Edited to add @marshall245 "otherwise" to ensure non-Tesla columns aren't converted to NULL.编辑添加@marshall245“否则”以确保非特斯拉列不会转换为NULL。

Answer 2

Building off of the solution from @Azeroth2b.基于@Azeroth2b 的解决方案构建。 If you want to replace only a couple of items and leave the rest unchanged.如果您只想更换几个项目而其余项目保持不变。 Do the following.请执行下列操作。 Without using the otherwise(...) method, the remainder of the column becomes null.如果不使用 else(...) 方法，列的其余部分将变为空。

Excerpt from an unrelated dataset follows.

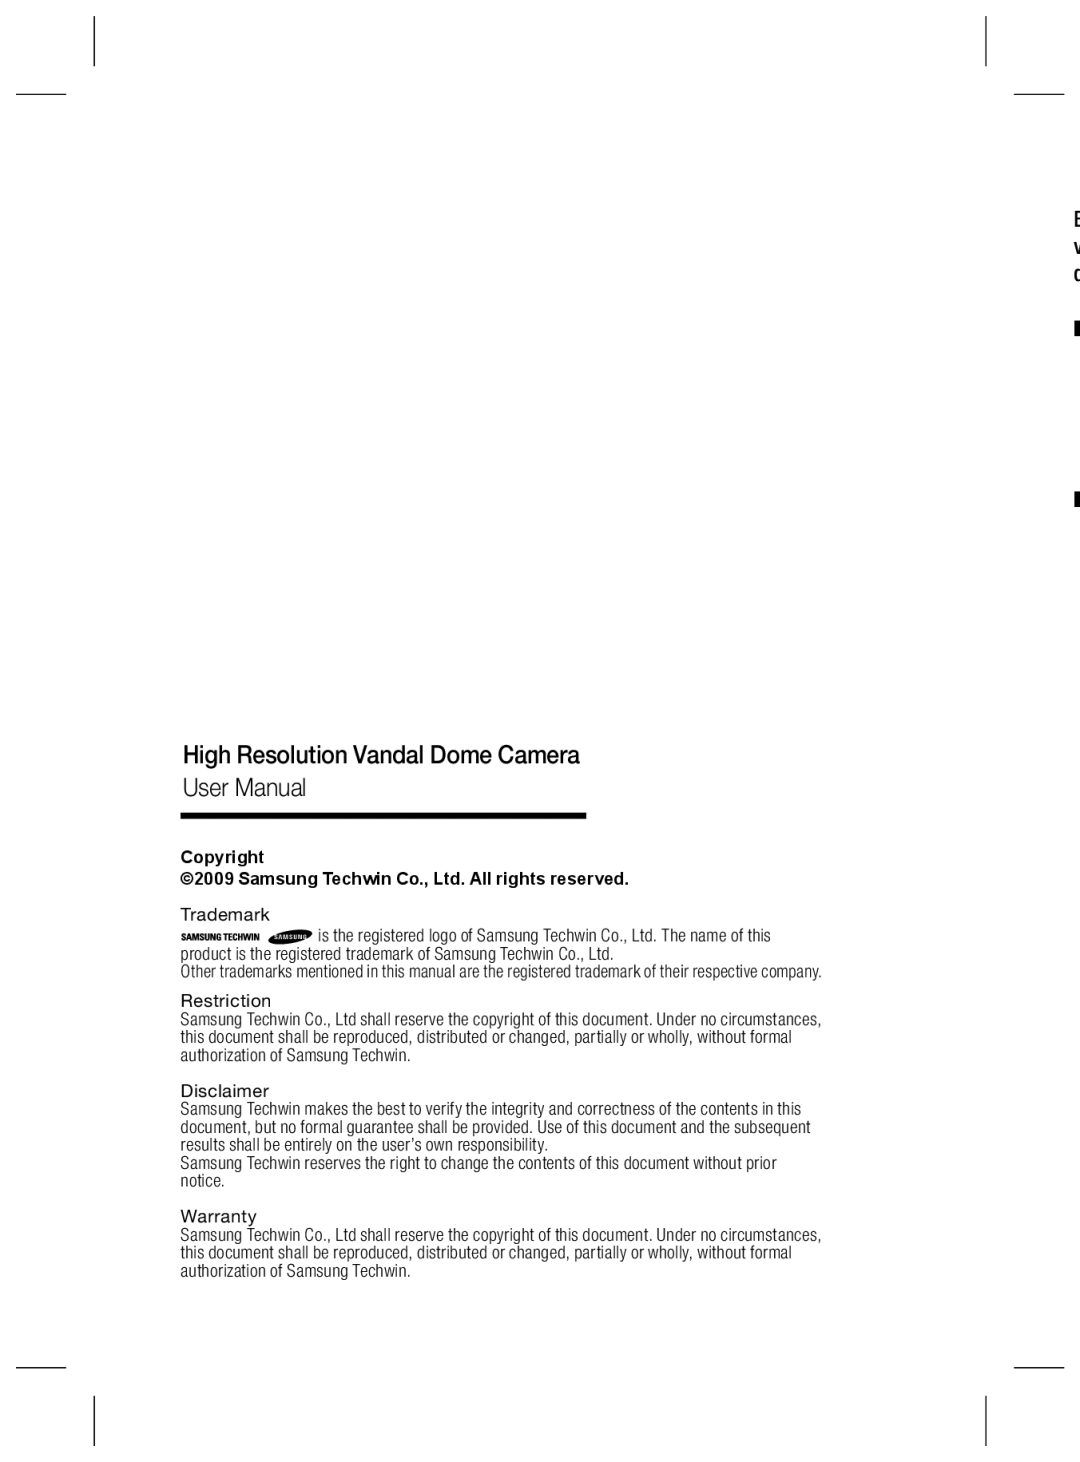 Samsung SCV-2080P, SCV-2080X, SCV-2080N user manual High Resolution Vandal Dome Camera User Manual, Copyright

import org.apache.spark.sql.functions._
val newsdf = sdf.withColumn("make", when(col("make") === "Tesla", "S")
                                   .otherwise(col("make"))
                           );

Old DataFrame旧数据帧

+-----+-----+ 
| make|model| 
+-----+-----+ 
|Tesla|    S| 
| Ford| E350| 
|Chevy| Volt| 
+-----+-----+

New Datarame新数据帧

+-----+-----+
| make|model|
+-----+-----+
|    S|    S|
| Ford| E350|
|Chevy| Volt|
+-----+-----+

Answer 3

This can be achieved in dataframes with user defined functions (udf).这可以在具有用户定义函数 (udf) 的数据帧中实现。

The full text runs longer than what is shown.